Oggi i dipendenti in Sit-in davanti all'Asp di via Alimena a Cosenza
***
La lettera
I pazienti psichiatrici non sono dei pacchi. Il paziente psichiatrico, per molto tempo, ha rappresentato, per la società, una “piaga” da isolare o, se possibile, sconfiggere. Il “folle” è stato trattato con tolleranza se non recava molestia, trattato come un criminale qualunque se aggressivo e giudicato pericoloso.
I nostri pazienti dell’ex istituto Papa Giovanni XXIII vista l’impossibilità spesso presente da parte dei familiari di una gestione continua e accurata, hanno trovato, dopo il periodo buio e di insoddisfacente assistenza subita, una nuova famiglia, in cui sono stati accolti, curati con continua supervisione, da parte di personale specializzato, nello svolgimento delle attività quotidiane e nelle necessità sociali. Dopo un lento e difficile ritorno ad un maggior rispetto della soggettività del paziente ad una normalità che ha ridonato ad ogni singolo paziente la dignità di esistere come persona e non più solo come “Malato mentale”, permettendo loro la possibilità di fornire nuovi punti di riferimento, di alleggerire il compito di assistenza alle famiglie, di attuare programmi riabilitativi personalizzati, i nostri pazienti si trovano costretti a subire un nuovo cambiamento e trasferimento dopo anni impiegati con dedizione e amore affinché Villa Igea diventasse per loro una nuova casa.
Staccare un individuo dalla propria abitazione, da nuovi affetti, ormai diventati una famiglia, significa far precipitare queste persone, già labili nel loro equilibrio psichico, in una crisi profonda e far vivere loro, per la seconda volta, un trauma difficile da superare, soprattutto trattandosi, per loro, di un ambiente accogliente e tale da aver garantito cura ed assistenza quotidiana.

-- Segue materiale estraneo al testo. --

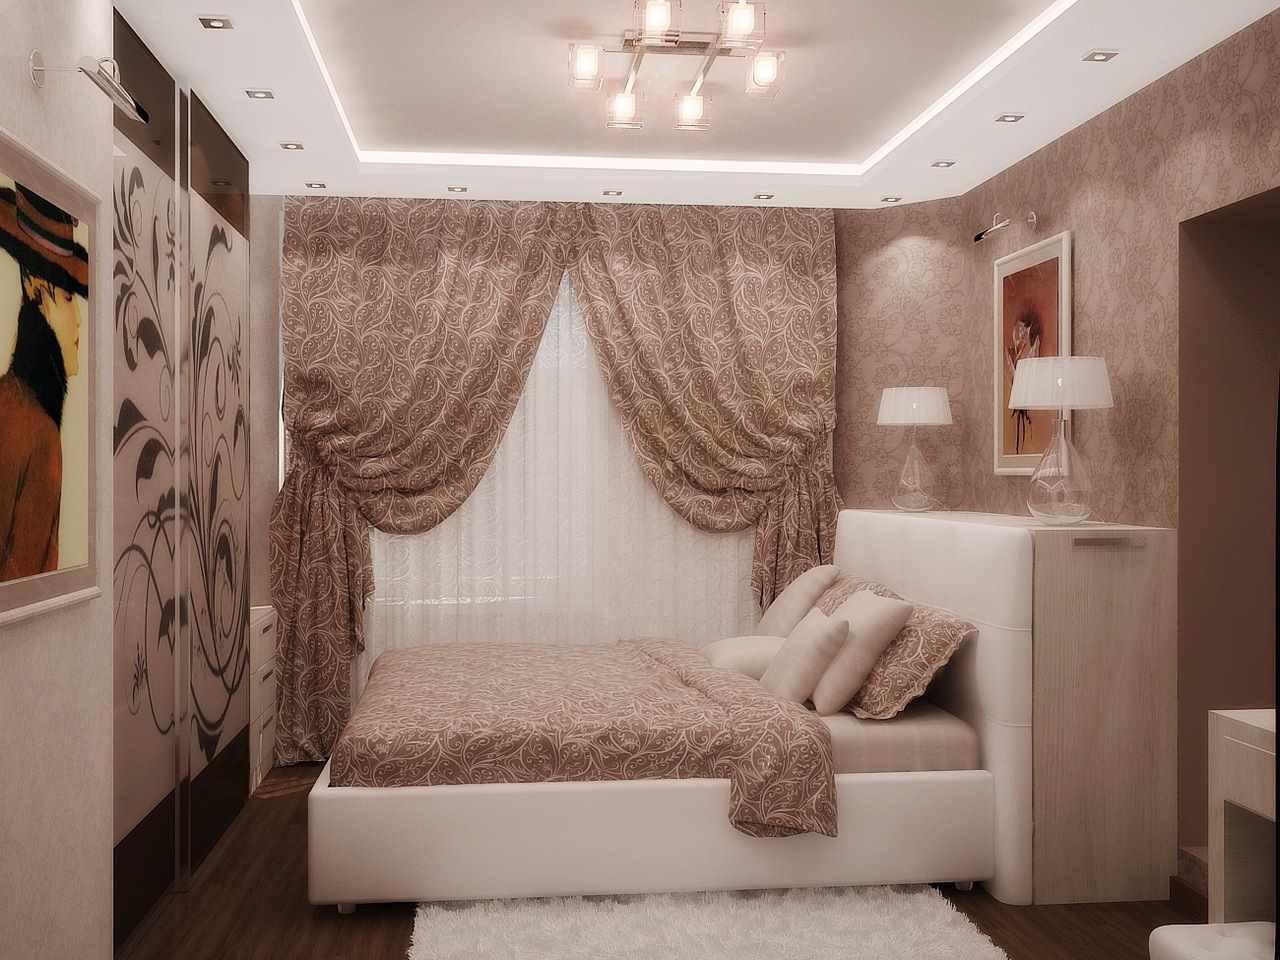 Un exemple d'un décor lumineux d'une chambre étroite

Gli ambienti, le persone, il mantenimento delle proprie abitudini rappresentano per ogni individuo, e per i nostri pazienti in particolar modo, gli elementi indispensabili per la conservazione di sè. Il rapporto con la propria casa, qualunque sia diventata, la propria famiglia ha sempre rappresentato, là dove questi ultimi siano adeguati e accoglienti, un importante e potente modulatore del decorso clinico della malattia. L’intento del personale di Villa Igea è sempre stato quello di mantenere ben saldi questi due elementi: l’accoglienza e la buona qualità di vita in struttura e il mantenimento, sempre vivo, del rapporto fra pazienti e familiari, per garantire quel legame che già la malattia psichiatrica ha minacciato e reso precario, rendendo possibile periodici incontri con i propri congiunti, che un ulteriore allontanamento renderebbe, per i familiari, difficoltosi.
In conclusione la nostra maggiore preoccupazione è rappresentata dalla salute dei pazienti, unico nostro reale interesse, che rappresentano, per noi, persone da rispettare, da amare, cui garantire continua cura, tutt’oggi come in questi ultimi tre anni, evitando loro l’ennesimo vissuto abbandono che si troverebbero, impotenti, a subire. Nonostante ciò l’Asp ha deciso, senza tener conto del parere dei familiari, il trasferimento dei pazienti il prossimo 1 febbraio. Si tratta dell’ennesima violenza ai danni di persone che non possono scegliere.
Laddove non dovessero emergere in tempi rapidi soluzioni alla situazione descritta risulteranno immediate le negative ricadute occupazionali in quanto la struttura sarà costretta, suo malgrado, a ricorrere ad una consistente riduzione di personale con un forte impatto in termini sociali ed economici sul territorio oltre che, prevedibilmente, di ordine pubblico.